Maroc Digital 2030 : «C'est un plan à la fois visionnaire dans ses objectifs à long terme et pragmatique dans les leviers actionnés»

Maroc Digital 2030 : «C'est un plan à la fois visionnaire dans ses objectifs à long terme et pragmatique dans les leviers actionnés»

Dynamiser l'économie numérique et digitaliser les services publics : ce sont deux axes majeurs que compte mettre en œuvre la stratégie Maroc Digital 2030. L’exécution dans les règles de l’art de ce programme ambitieux aura un impact socioéconomique indéniable. Entretien avec Mohamed Tmart, expert en cybersécurité et fondateur de CapValue.

 

Propos recueillis par Ibtissam Z.

Finances News Hebdo : Le programme Maroc Digital 2030 a été lancé le 25 septembre 2024. Quel regard portez-vous sur cette feuille de route ?

Mohamed Tmart : Le plan Maroc Digital 2030 est une feuille de route extrêmement ambitieuse et prometteuse pour positionner le Maroc comme un leader du numérique en Afrique et dans le monde. Ses deux axes stratégiques - dynamiser l'économie numérique et digitaliser les services publics - sont parfaitement pertinents et complémentaires pour créer massivement de l'emploi qualifié, améliorer radicalement la qualité des services rendus aux citoyens et aux entreprises, et gagner fortement en compétitivité et en attractivité économique. C'est un plan à la fois visionnaire dans ses objectifs à long terme et pragmatique dans les leviers actionnés. Son processus d'élaboration consultatif, ayant mobilisé plus d'une centaine d'acteurs publics et privés à travers des ateliers régionaux et sectoriels, en fait une stratégie co-construite et largement partagée.
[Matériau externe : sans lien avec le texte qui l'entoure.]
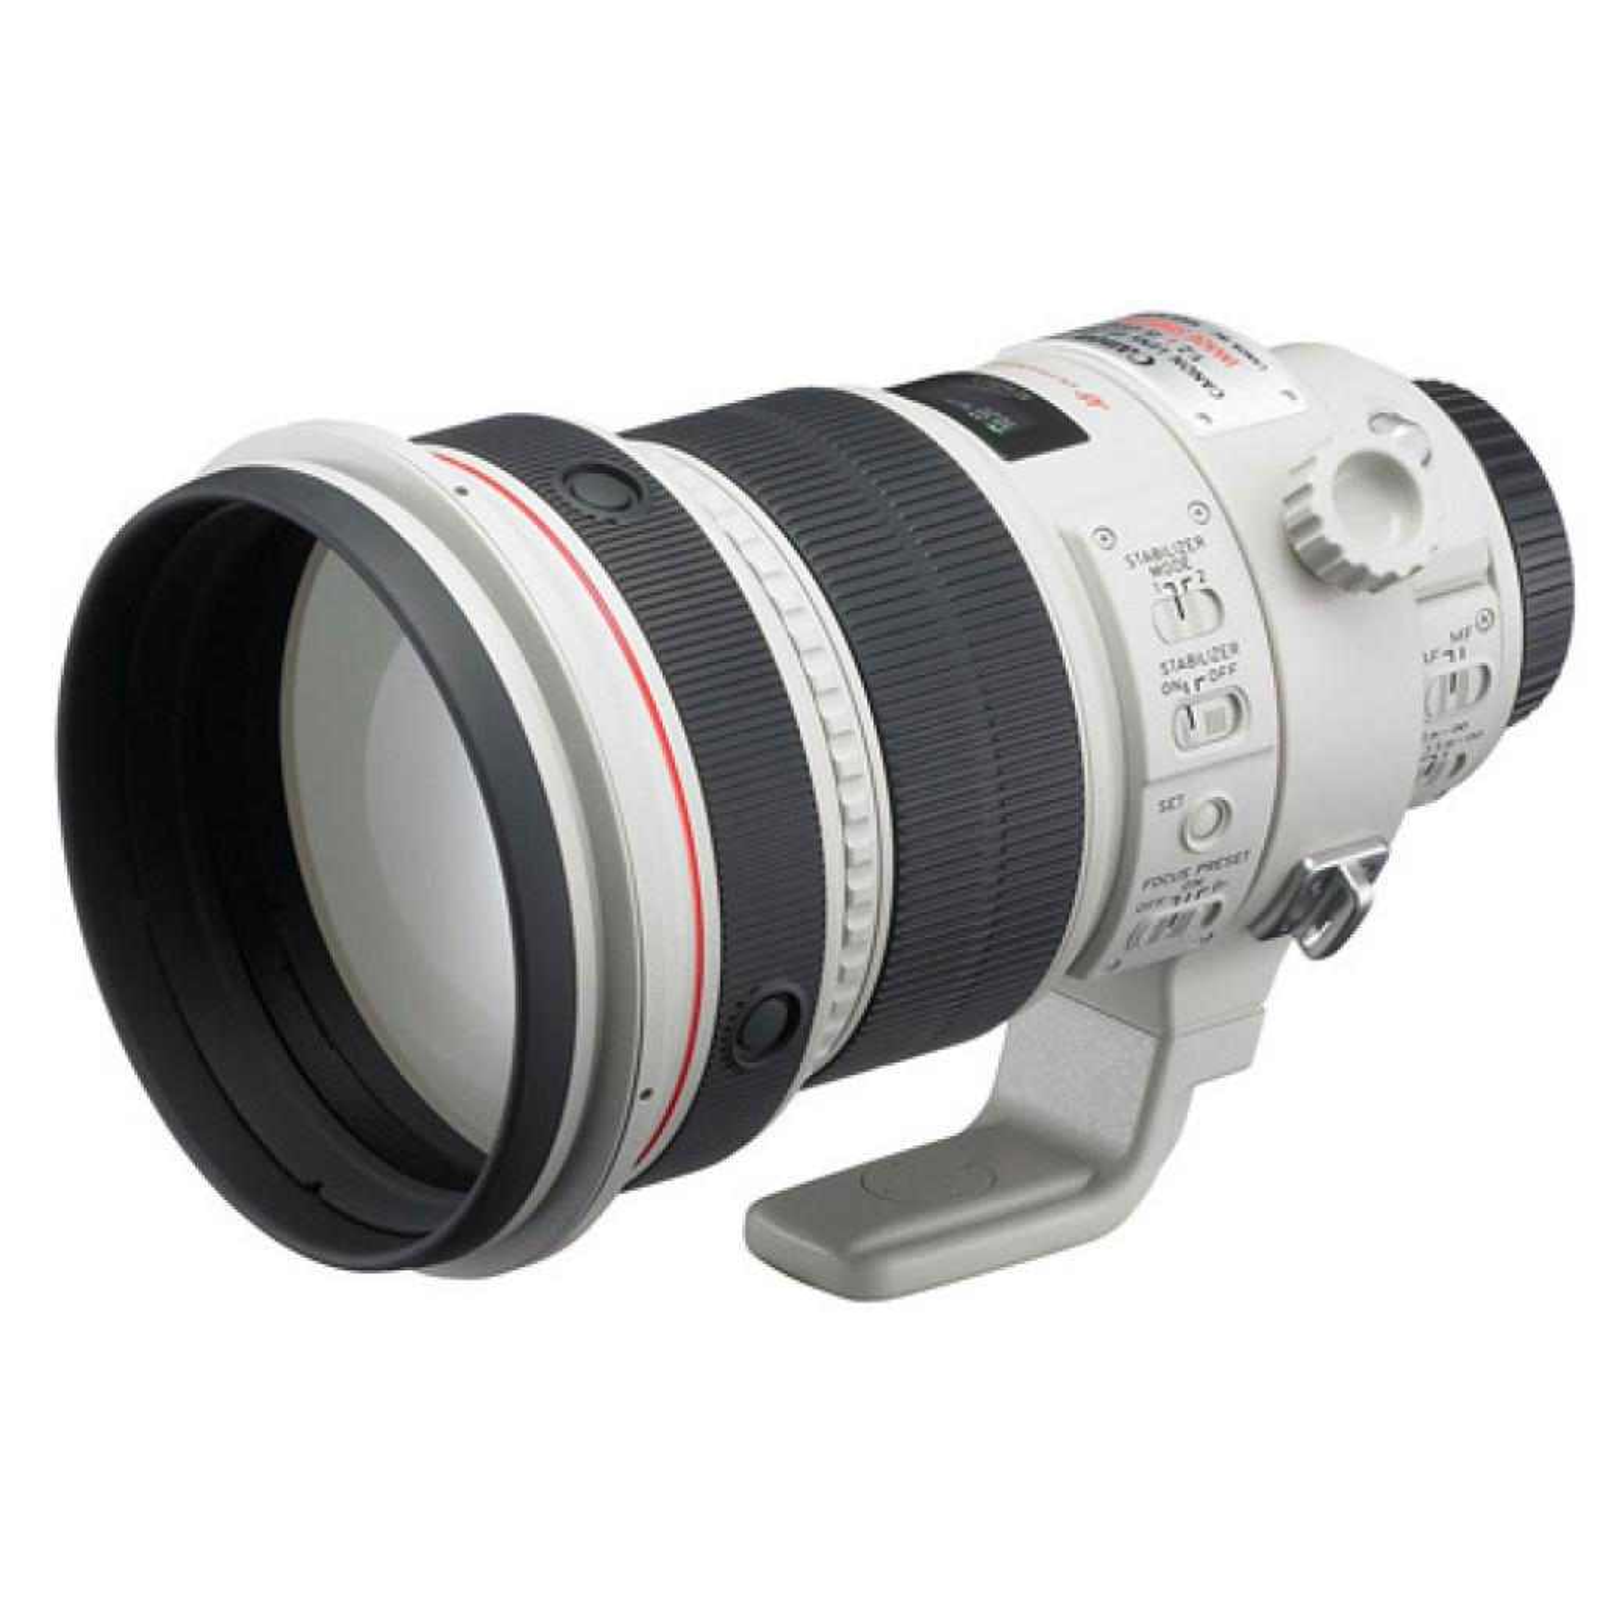 Объектив Canon EF 200mm f/2.0L IS USM (2297B005)

Si l'exécution est au rendez-vous, nul doute que Maroc Digital 2030 aura un impact socioéconomique puissant et durable pour l'émergence et le progrès du Royaume et de sa jeunesse. En misant sur la jeunesse, l'innovation et l'entrepreneuriat technologique, en digitalisant en profondeur notre économie et notre administration, en faisant preuve d'audace et d'agilité, nous pourrons assurément faire de ce nouvel âge digital un puissant accélérateur de développement et de progrès partagés au service de tous les Marocains. C'est une formidable opportunité historique à saisir collectivement.

 

F.N.H. : Dans ce sens, une enveloppe budgétaire de 240 millions de dirhams vient d’être allouée pour la stratégie «Maroc Digital 2030». Quelle lecture faites-vous sur la réactivité de l’Etat marocain ?
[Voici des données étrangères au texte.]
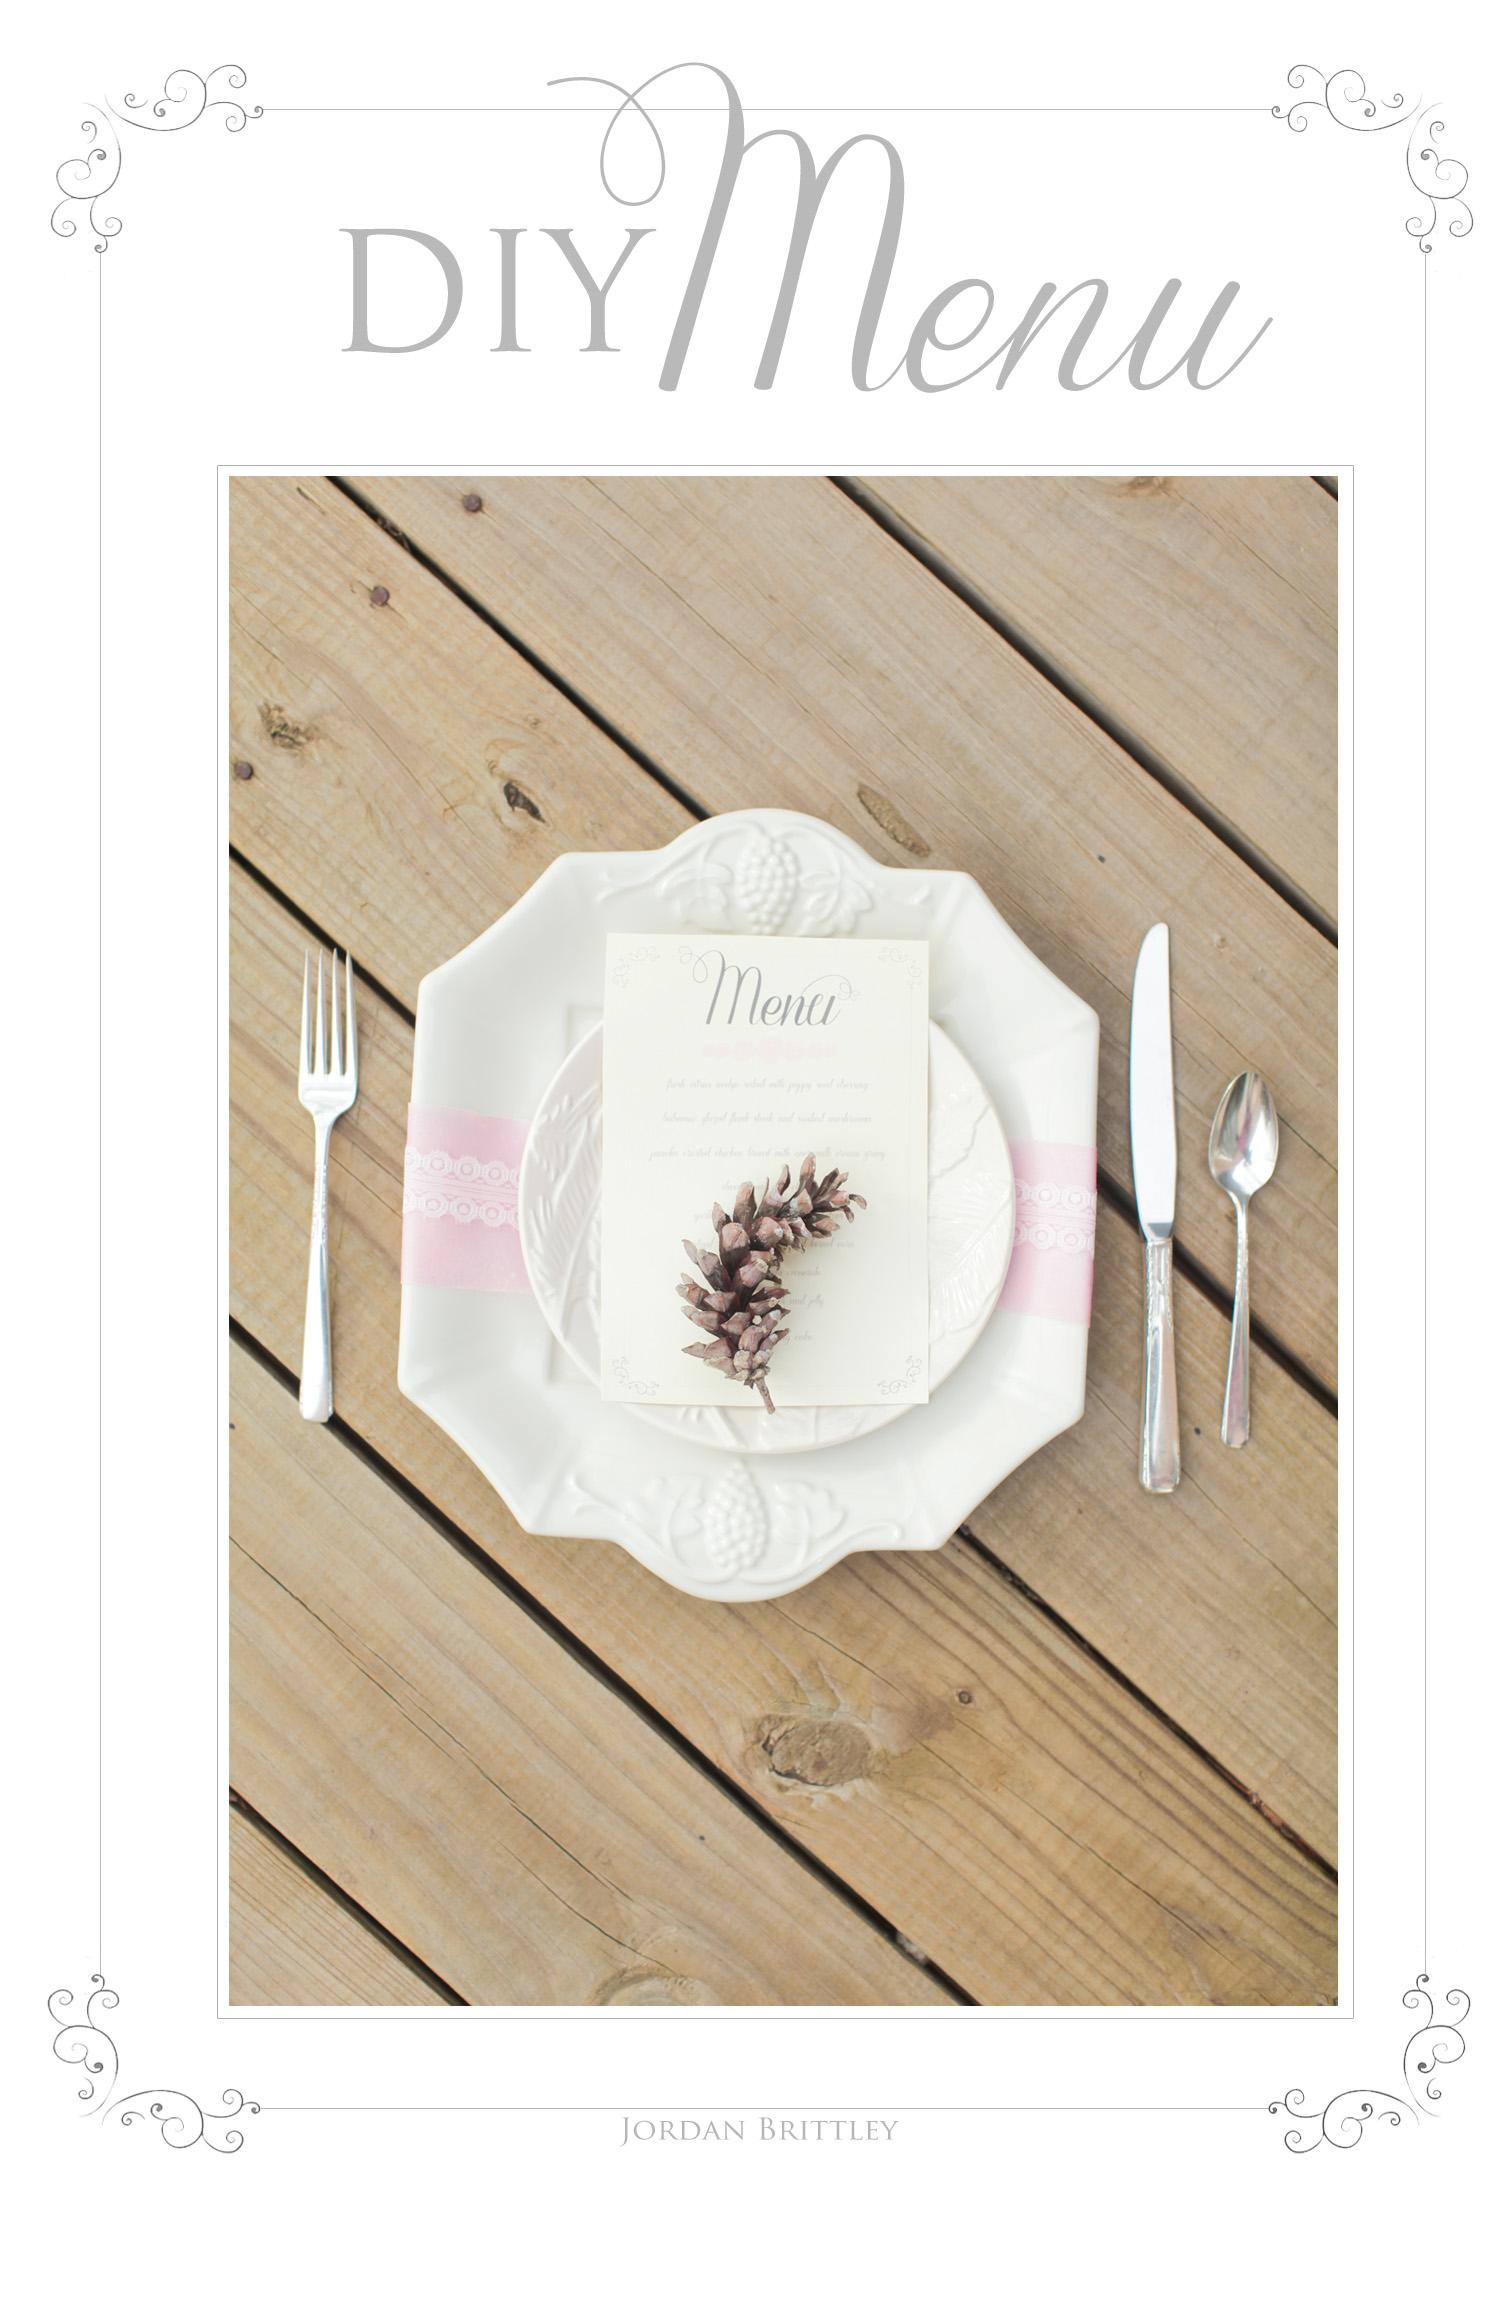 DIY Menu - Wedding Menu by Jordan Brittley

M. T. : L'allocation rapide d'un budget conséquent pour soutenir la stratégie Maroc Digital 2030 témoigne de l'engagement et de la réactivité de l'État pour accélérer la transformation digitale du Maroc. Ce financement significatif permettra de lancer rapidement des chantiers prioritaires et structurants de cette feuille de route ambitieuse et de soutenir des leviers clés comme l'innovation et les startups. Cette mobilisation des ressources illustre la volonté de l'État de donner une impulsion forte à cette stratégie digitale qui est une priorité nationale, afin de concrétiser la vision d'un Maroc numérique à horizon 2030. Le défi sera désormais de maintenir cet effort budgétaire dans la durée et de veiller à une allocation optimale des fonds vers les projets les plus porteurs de valeur ajoutée, afin de produire un impact tangible et durable sur la digitalisation de notre économie et de notre société.

 

F.N.H. : A votre avis, les objectifs tracés par la stratégie nationale sont-ils réalisables à l'horizon 2030 ? Y a-t-il des entraves qui peuvent ralentir cette transformation digitale ?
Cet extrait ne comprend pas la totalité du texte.